Swap Rate Curves

I read that swap rate curves are not subject to sovereign credit risk. It is determined by dollar denominated borrowing based on LIBOR. What does this mean? I really don’t get exactly what the swap rate curve is supposed to represent- credit risk right? But how so?

For context- I think I understand the Ted spread: price difference between US Tresury and Eurodollars contracts…this makes sense since this is clearly comapring a risk-free asset to a risky one…so that one represent corporate borrower’s credit risk right? And then the Libor OIS represent banks’ credit risk because that is the spread of dollar borrowing (Eurodllars) over the interbank ledning rate of LIBOR…so these 2 make sense to me but I don’t get what a high swap spread would represent…

…follow up-

can the swap rate curve be thought of as another risk-free rate in a country? I think of the Tresury rate as the risk-free rate…can the swap rate be thought of similarly?
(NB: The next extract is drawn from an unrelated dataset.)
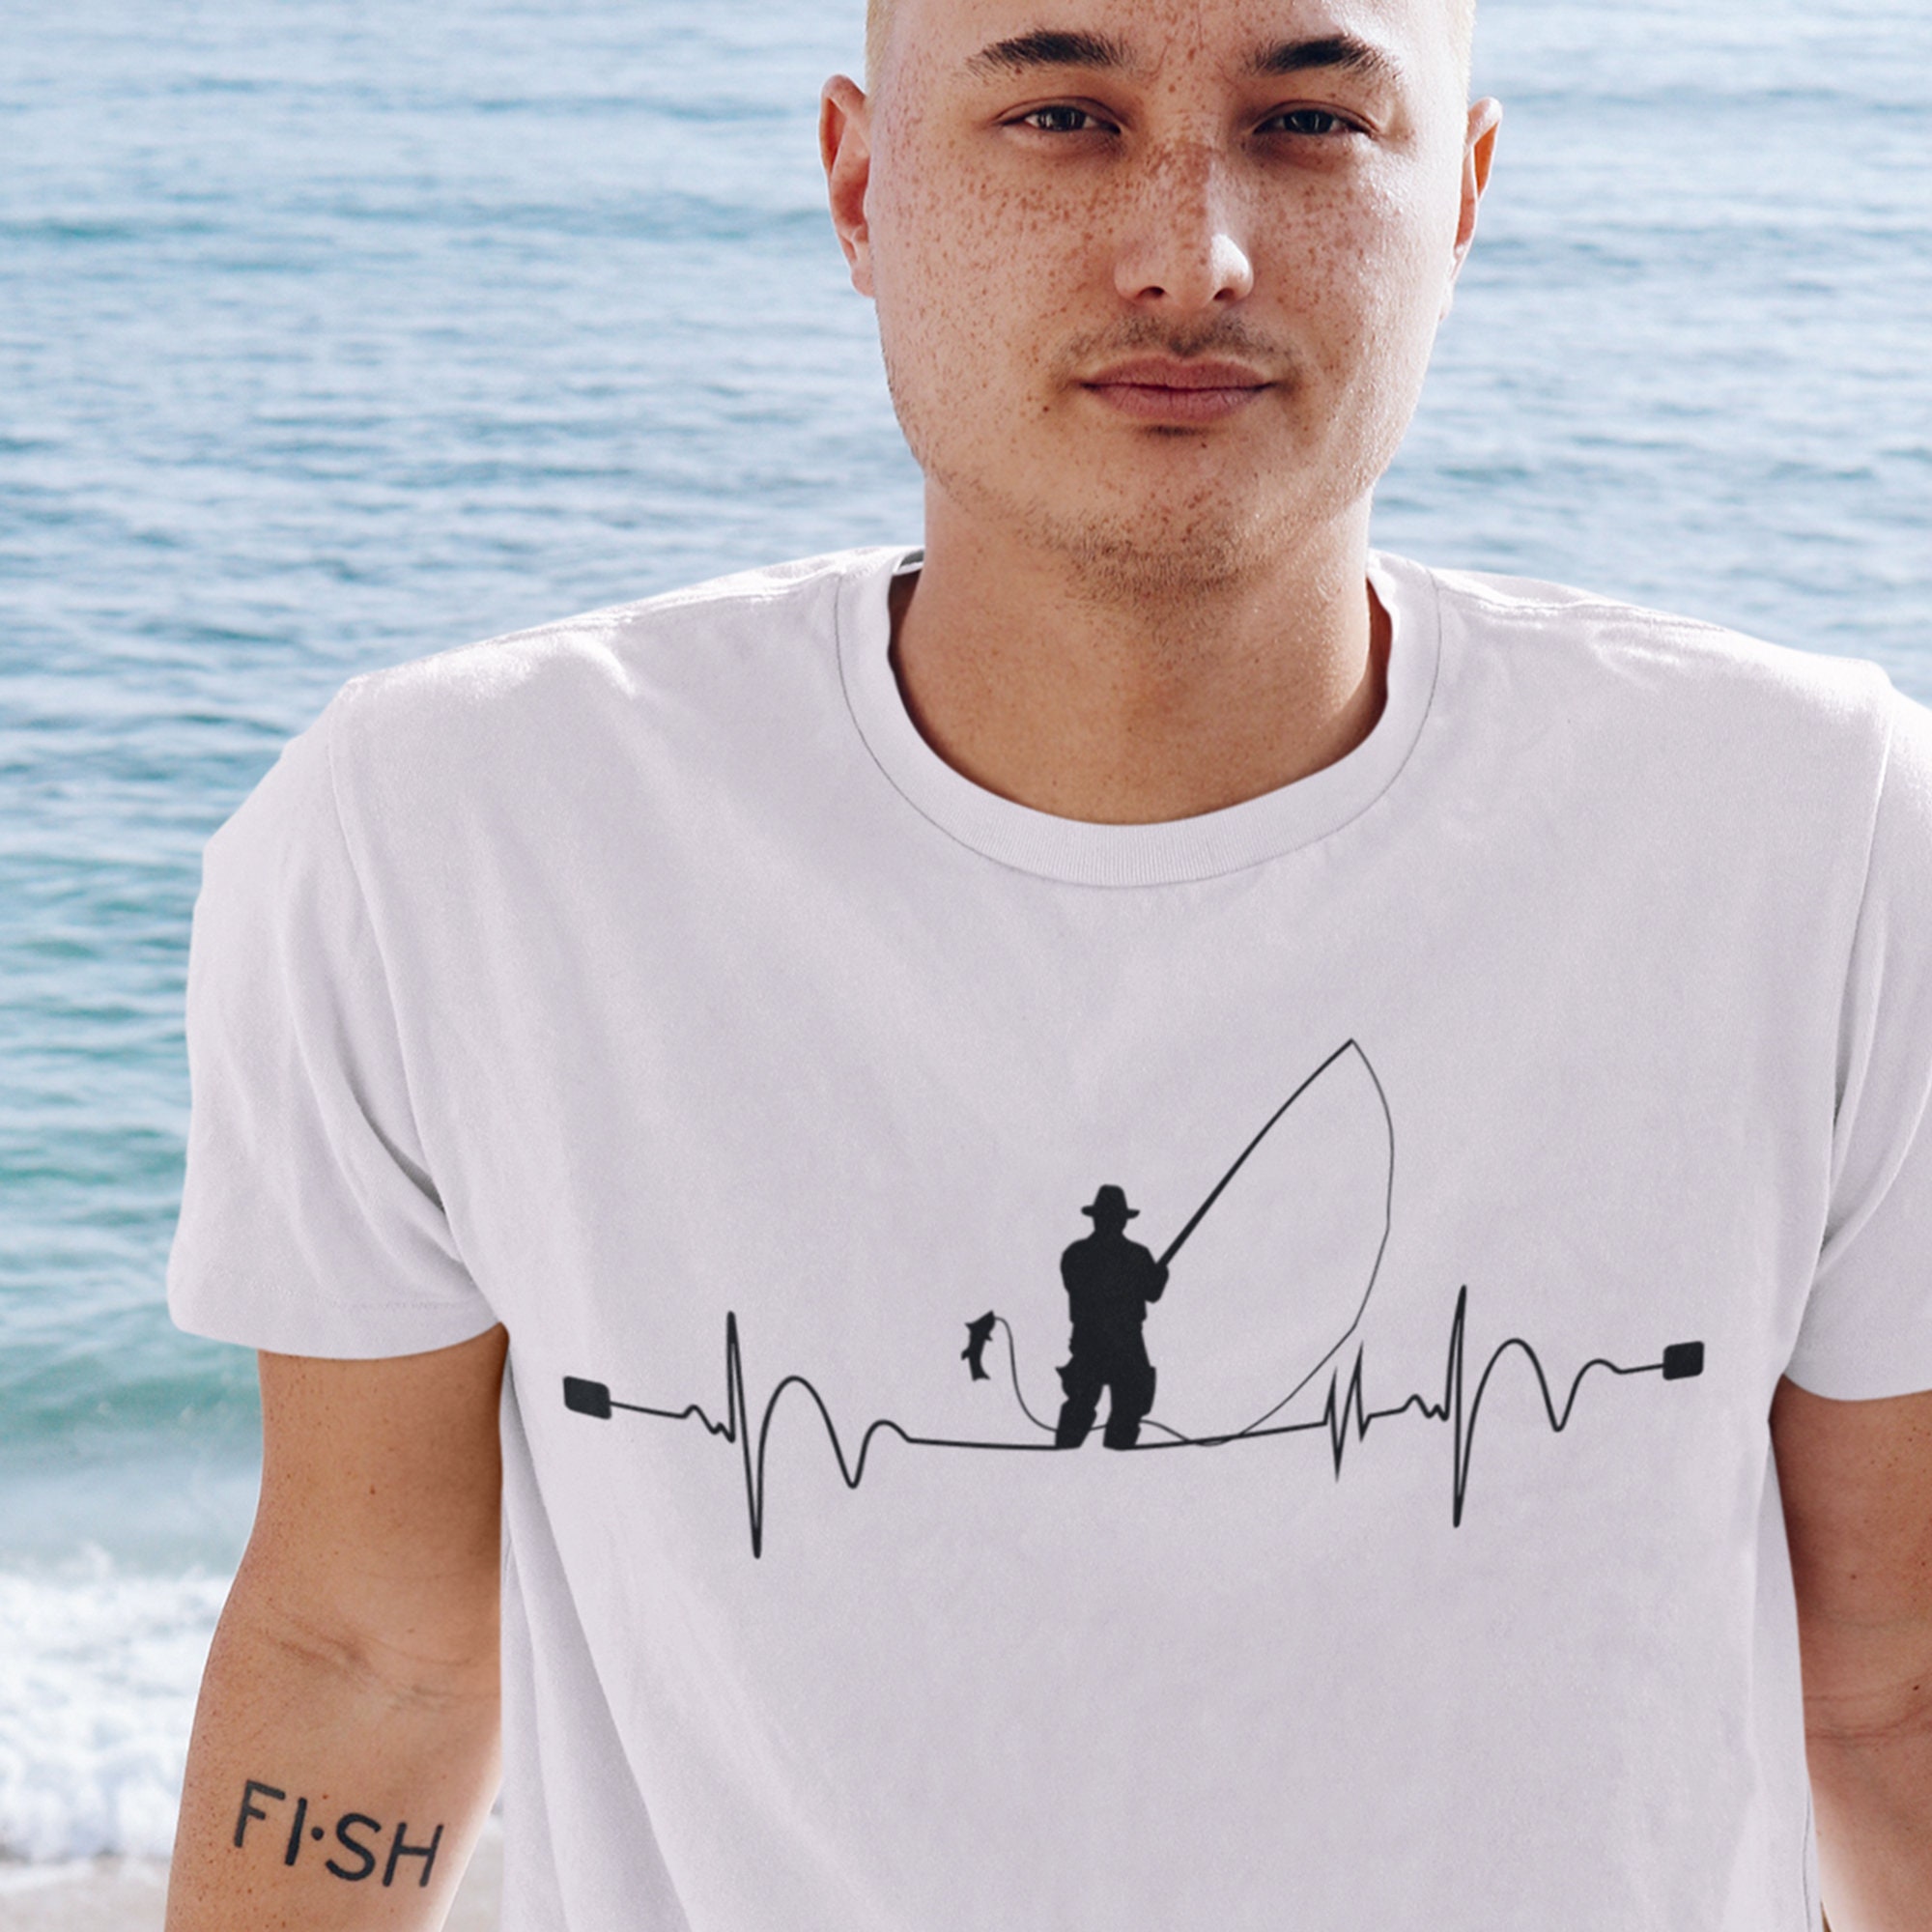 Funny Fishing T-shirt Fisherman Heart Beat Pulse Fishing Gifts

Based on the logic that that is the rate we’d require if we have long-term liabilities and wanted to hedge?

The swap rate curve is a risk-free rate, but it isn’t associated with a country; therefore, no country’s sovereign risk affects the swap rates.

What would the 10-year swap spread represent? I read it captures differing demand/supply conditions but don’t really get this. I do now understand why the swap curve is just another risk-free rate…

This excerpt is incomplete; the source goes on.